From mboxrd@z Thu Jan  1 00:00:00 1970
From: Dave Hansen <dave@sr71.net>
Subject: Re: [PATCH 11/15] mm, dax, pmem: introduce __pfn_t
Date: Wed, 23 Sep 2015 09:02:17 -0700
Message-ID: <5602CD09.3080801@sr71.net>
References: <20150923043737.36490.70547.stgit@dwillia2-desk3.jf.intel.com>
 <20150923044211.36490.18084.stgit@dwillia2-desk3.jf.intel.com>
Mime-Version: 1.0
Content-Type: text/plain; charset=utf-8
Content-Transfer-Encoding: 7bit
Return-path: <linux-kernel-owner@vger.kernel.org>
In-Reply-To: <20150923044211.36490.18084.stgit@dwillia2-desk3.jf.intel.com>
Sender: linux-kernel-owner@vger.kernel.org
To: Dan Williams <dan.j.williams@intel.com>, akpm@linux-foundation.org
Cc: linux-nvdimm@lists.01.org, linux-kernel@vger.kernel.org, linux-mm@kvack.org, linux-fsdevel@vger.kernel.org, Ross Zwisler <ross.zwisler@linux.intel.com>, Christoph Hellwig <hch@lst.de>
List-Id: linux-mm.kvack.org

On 09/22/2015 09:42 PM, Dan Williams wrote:
>  /*
> + * __pfn_t: encapsulates a page-frame number that is optionally backed
> + * by memmap (struct page).  Whether a __pfn_t has a 'struct page'
> + * backing is indicated by flags in the low bits of the value;
> + */
> +typedef struct {
> +	unsigned long val;
> +} __pfn_t;
> +
> +/*
> + * PFN_SG_CHAIN - pfn is a pointer to the next scatterlist entry
> + * PFN_SG_LAST - pfn references a page and is the last scatterlist entry
> + * PFN_DEV - pfn is not covered by system memmap by default
> + * PFN_MAP - pfn has a dynamic page mapping established by a device driver
> + */
> +enum {
> +	PFN_SHIFT = 4,
> +	PFN_MASK = (1UL << PFN_SHIFT) - 1,
> +	PFN_SG_CHAIN = (1UL << 0),
> +	PFN_SG_LAST = (1UL << 1),
> +	PFN_DEV = (1UL << 2),
> +	PFN_MAP = (1UL << 3),
> +};

Please forgive a little bikeshedding here...

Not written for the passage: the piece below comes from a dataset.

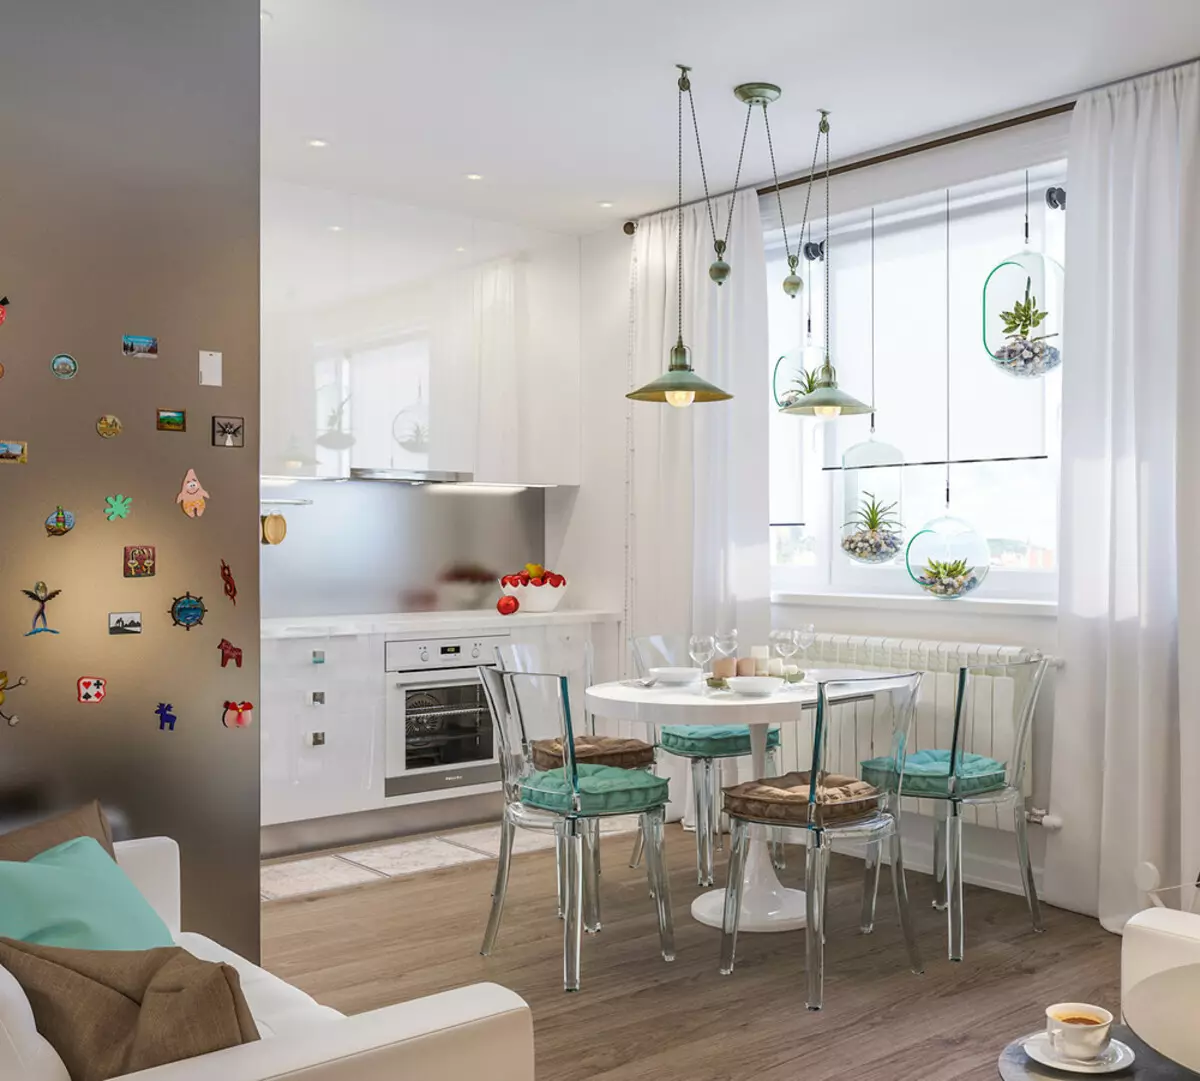 Dizainas Virtuvės svetainė (152 nuotraukos): kombinuotų kambarių interjeras bute, virtuvės projektų pavyzdžiai, derinami su salė, dizaino parinktys 9515_81

Why __pfn_t?  Because the KVM code has a pfn_t?  If so, I think we
should rescue pfn_t from KVM and give them a kvm_pfn_t.

I think you should do one of two things:  Make PFN_SHIFT 12 so that a
physical addr can be stored in a __pfn_t with no work.  Or, use the
*high* 12 bits of __pfn_t.val.

If you use the high bits, *and* make it store a plain pfn when all the
bits are 0, then you get a zero-cost pfn<->__pfn_t conversion which will
hopefully generate the exact same code which is there today.

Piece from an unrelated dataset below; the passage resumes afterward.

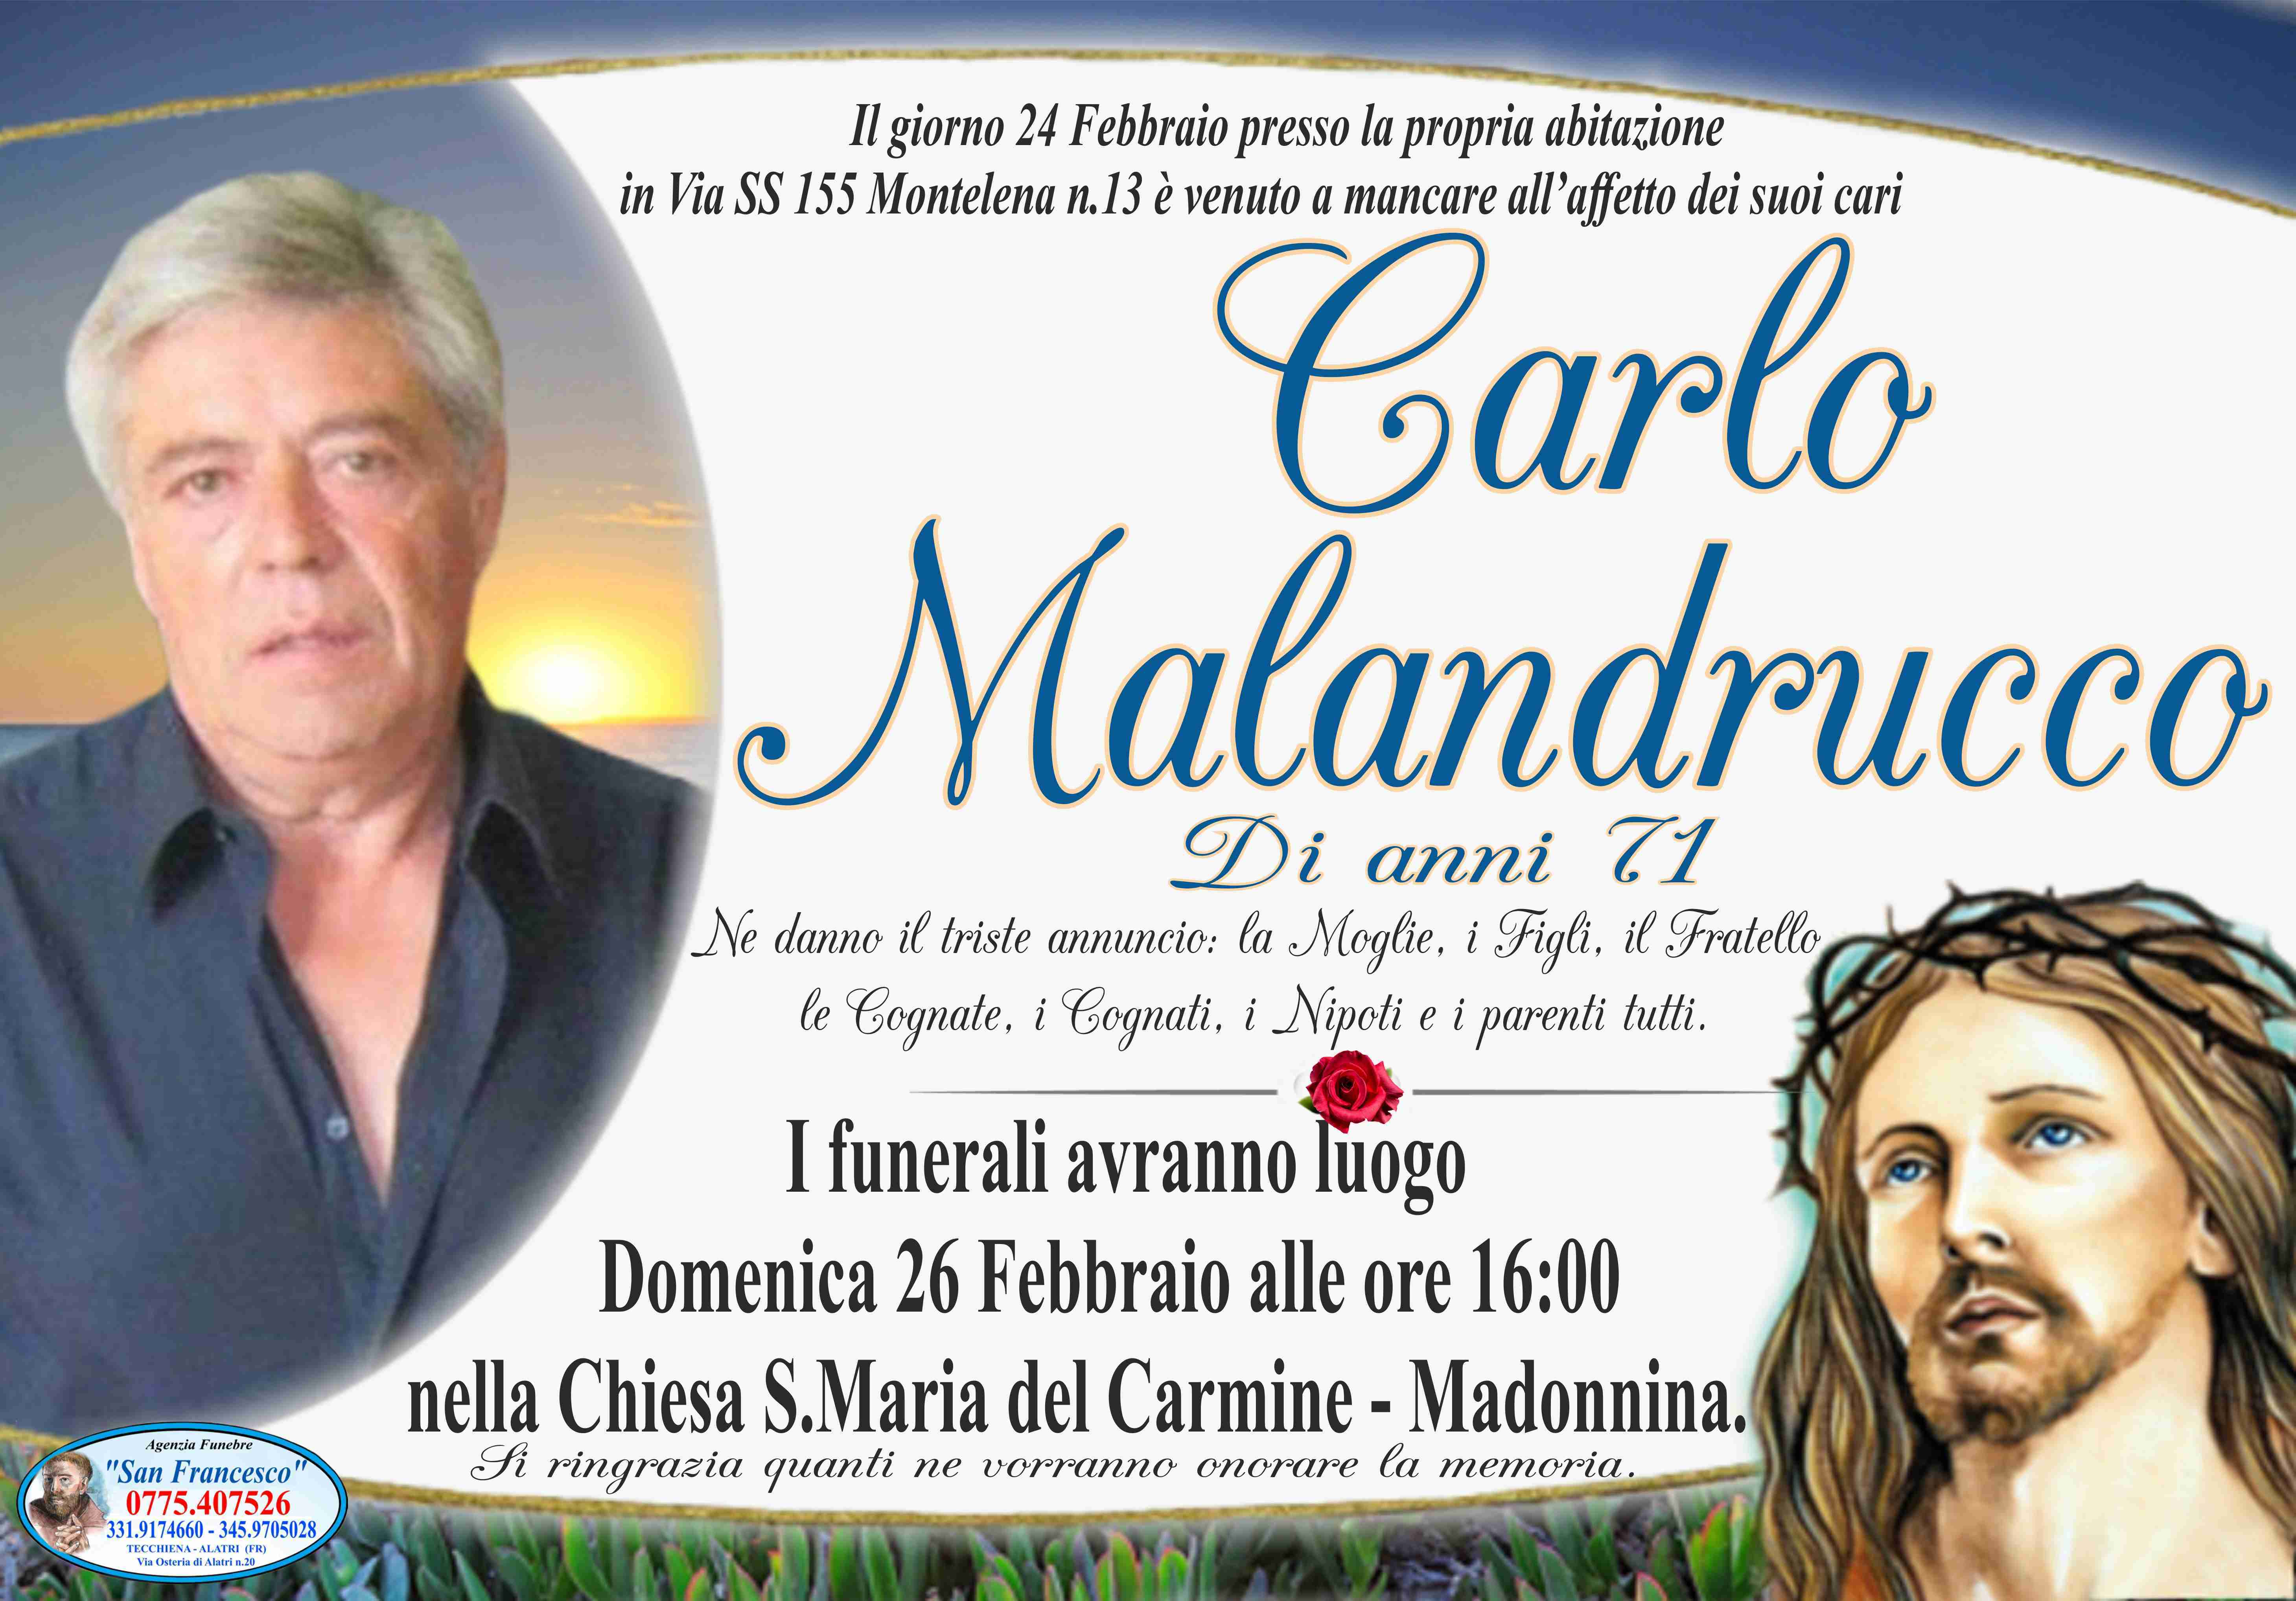 Carlo Malandrucco

The one disadvantage here is that it makes it more likely that somebody
that's just setting __pfn_t.val=foo will get things subtly wrong
somehow, but that it will work most of the time.

Also, about naming...  PFN_SHIFT is pretty awful name for this.  It
probably needs to be __PFN_T_SOMETHING.  We don't want folks doing
craziness like:

	unsigned long phys_addr = pfn << PFN_SHIFT.

Which *looks* OK.